• Assignment: Without the pictures, repeat all of the data exactly as it appears below.

• Data below:
=== Section Start ===
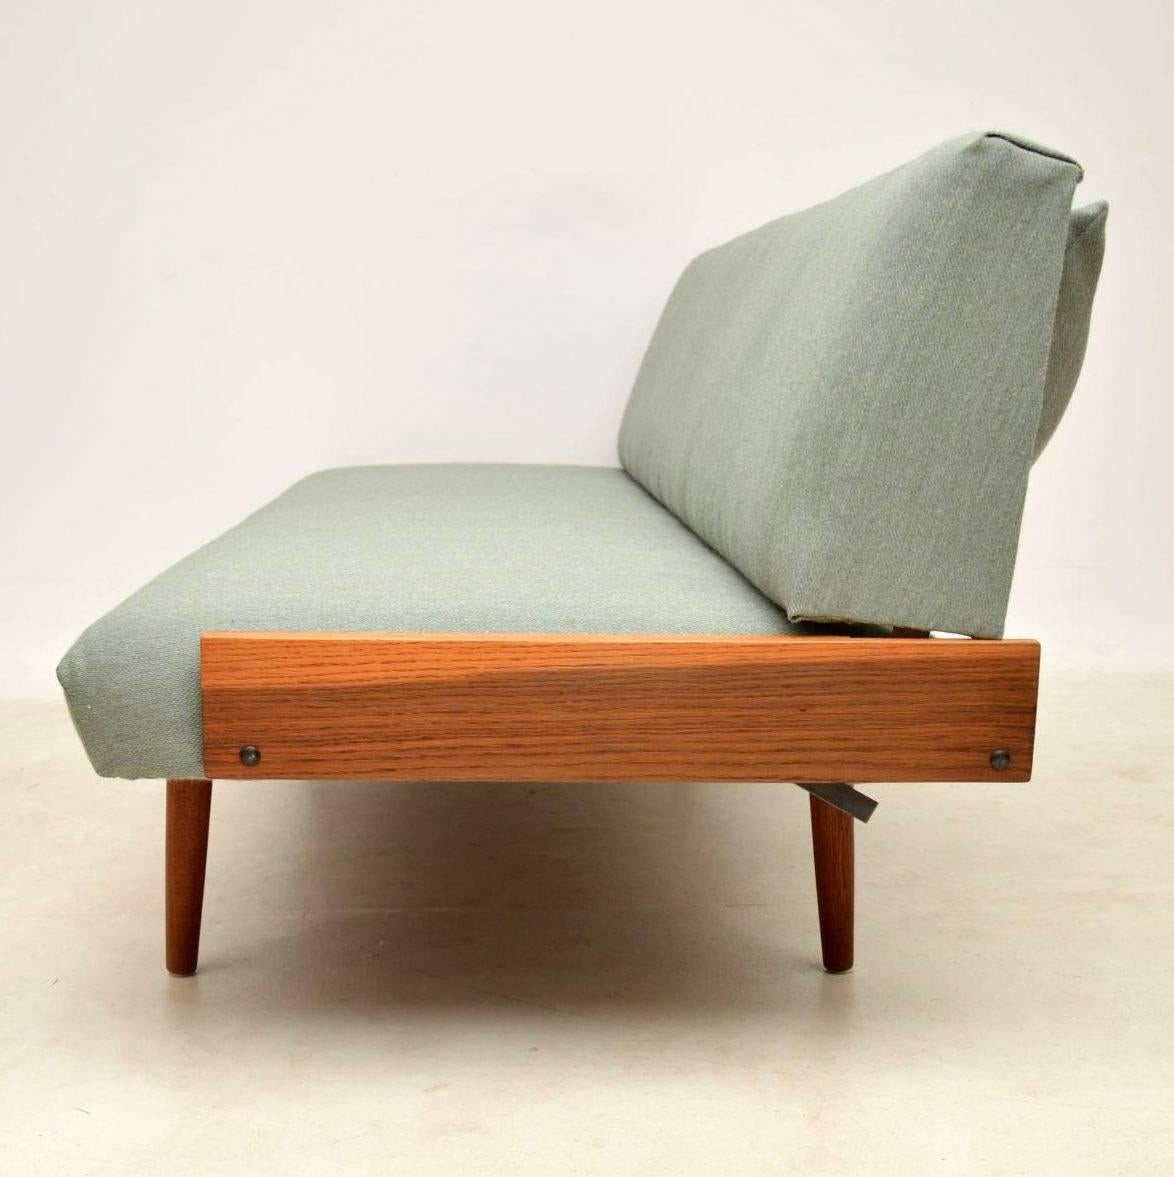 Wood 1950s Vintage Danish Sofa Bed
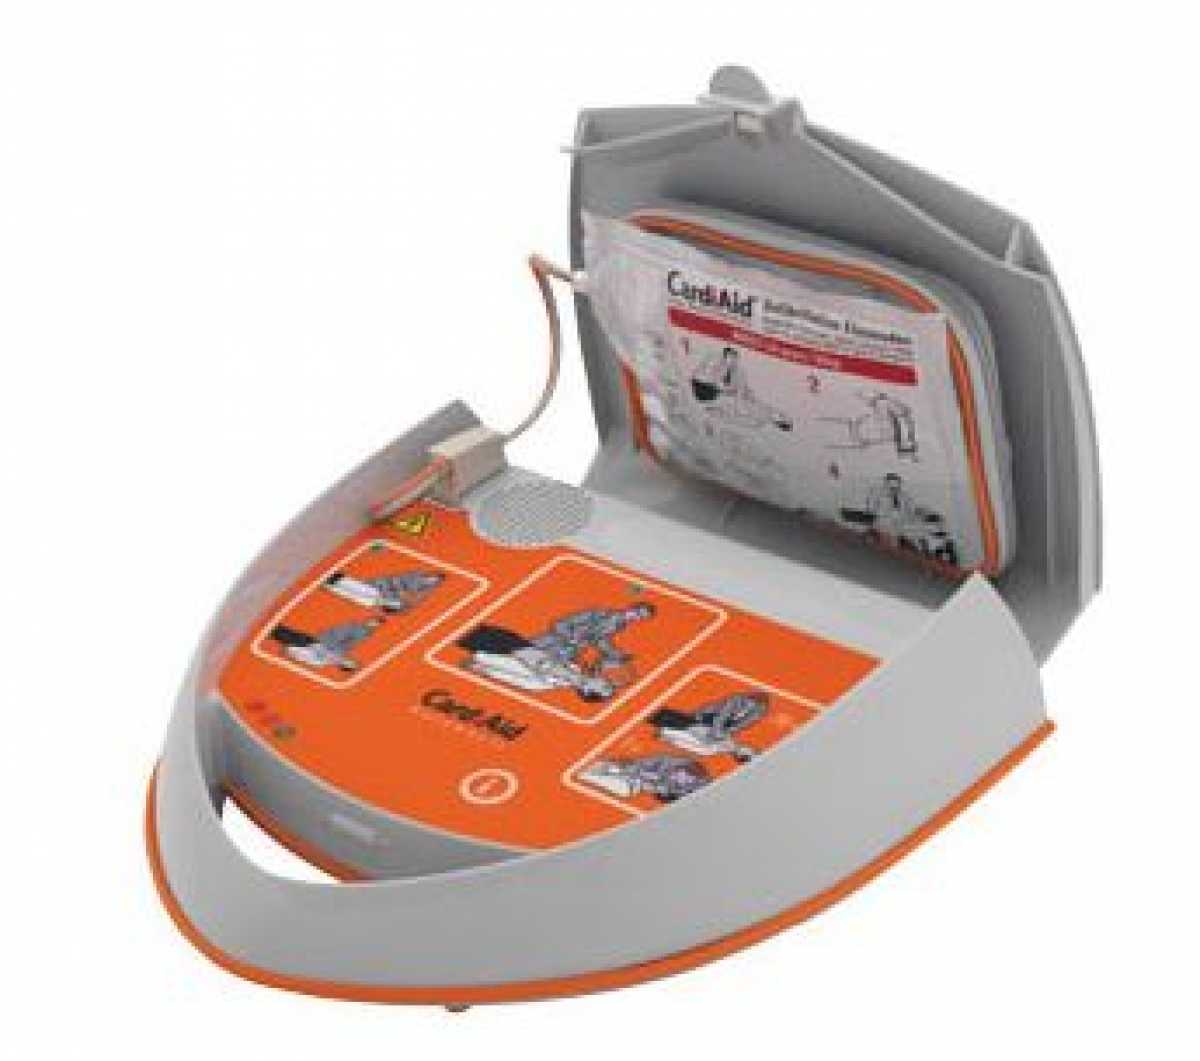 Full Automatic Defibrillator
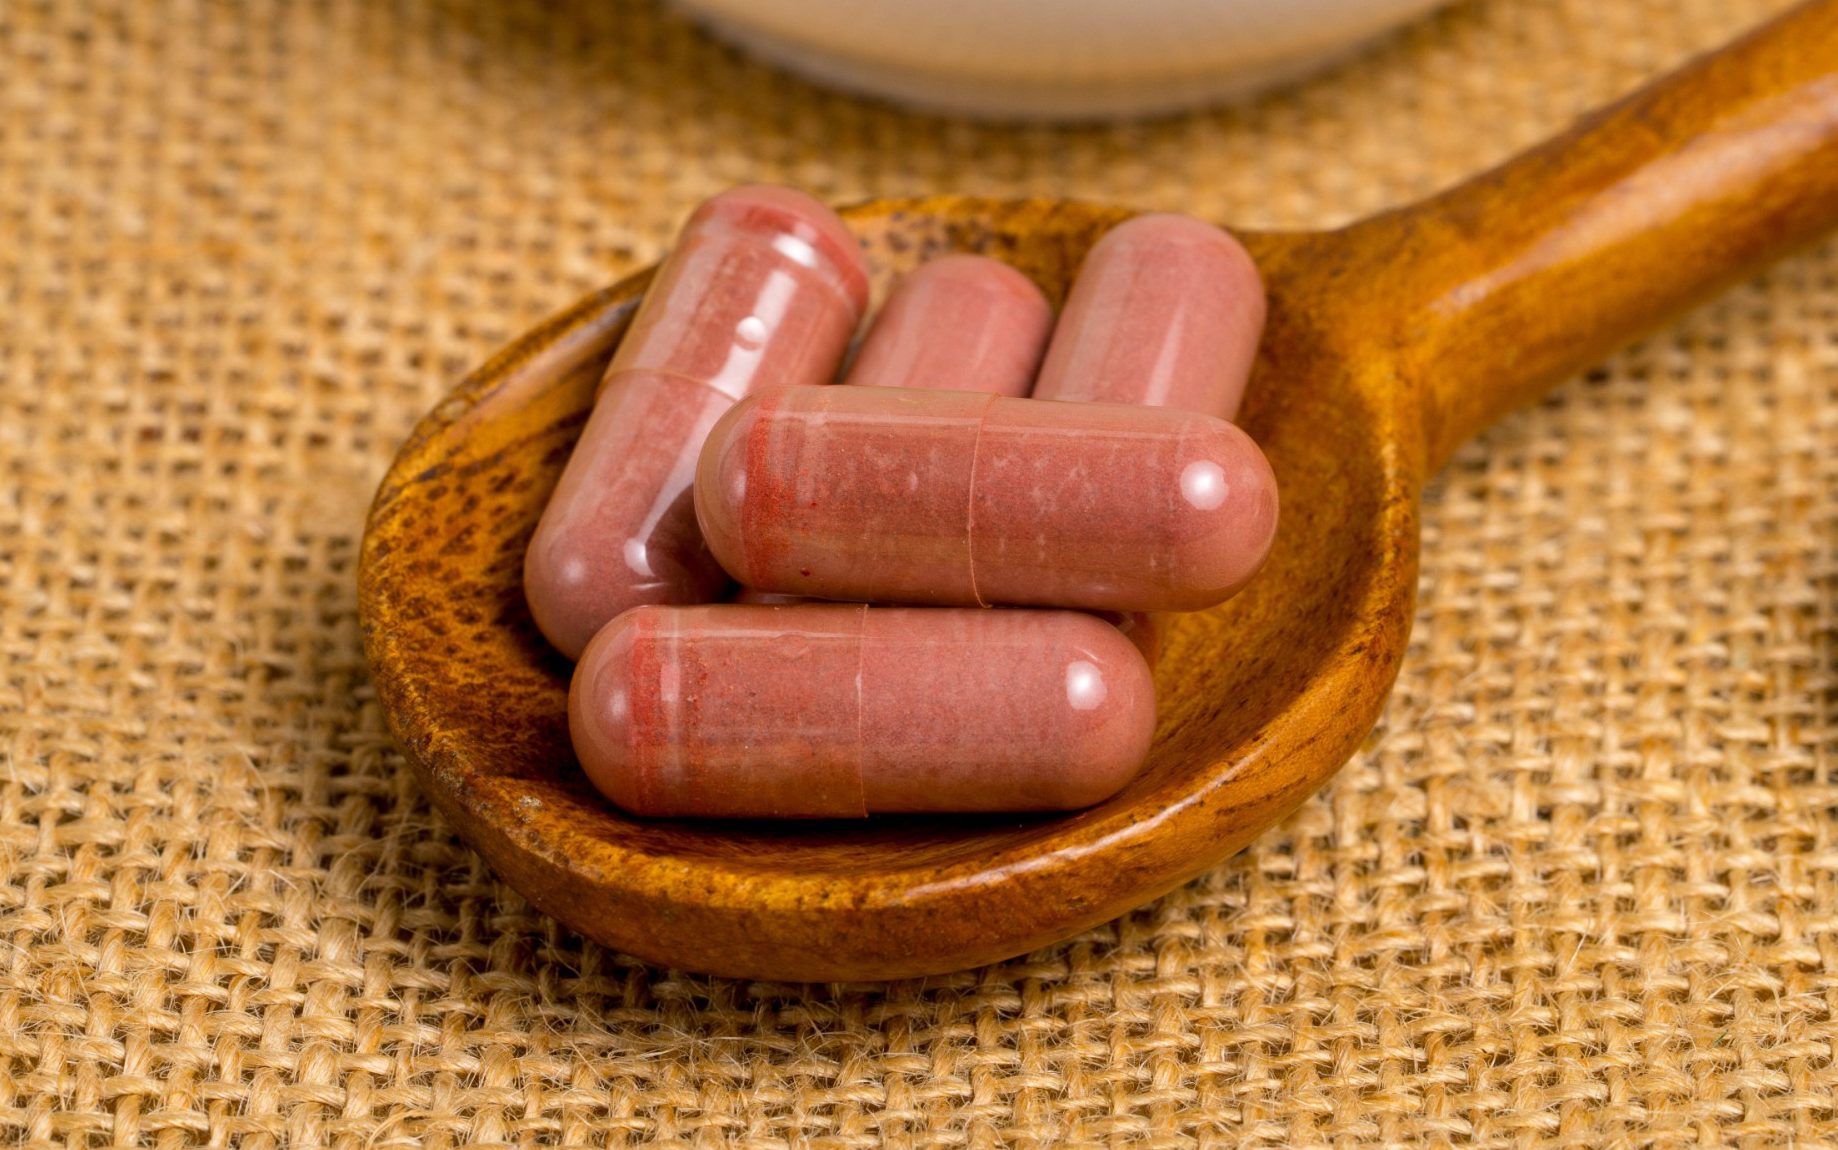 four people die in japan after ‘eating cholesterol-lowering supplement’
=== Section End ===
• Answer below:
 Wood 1950s Vintage Danish Sofa Bed
 Full Automatic Defibrillator
 four people die in japan after ‘eating cholesterol-lowering supplement’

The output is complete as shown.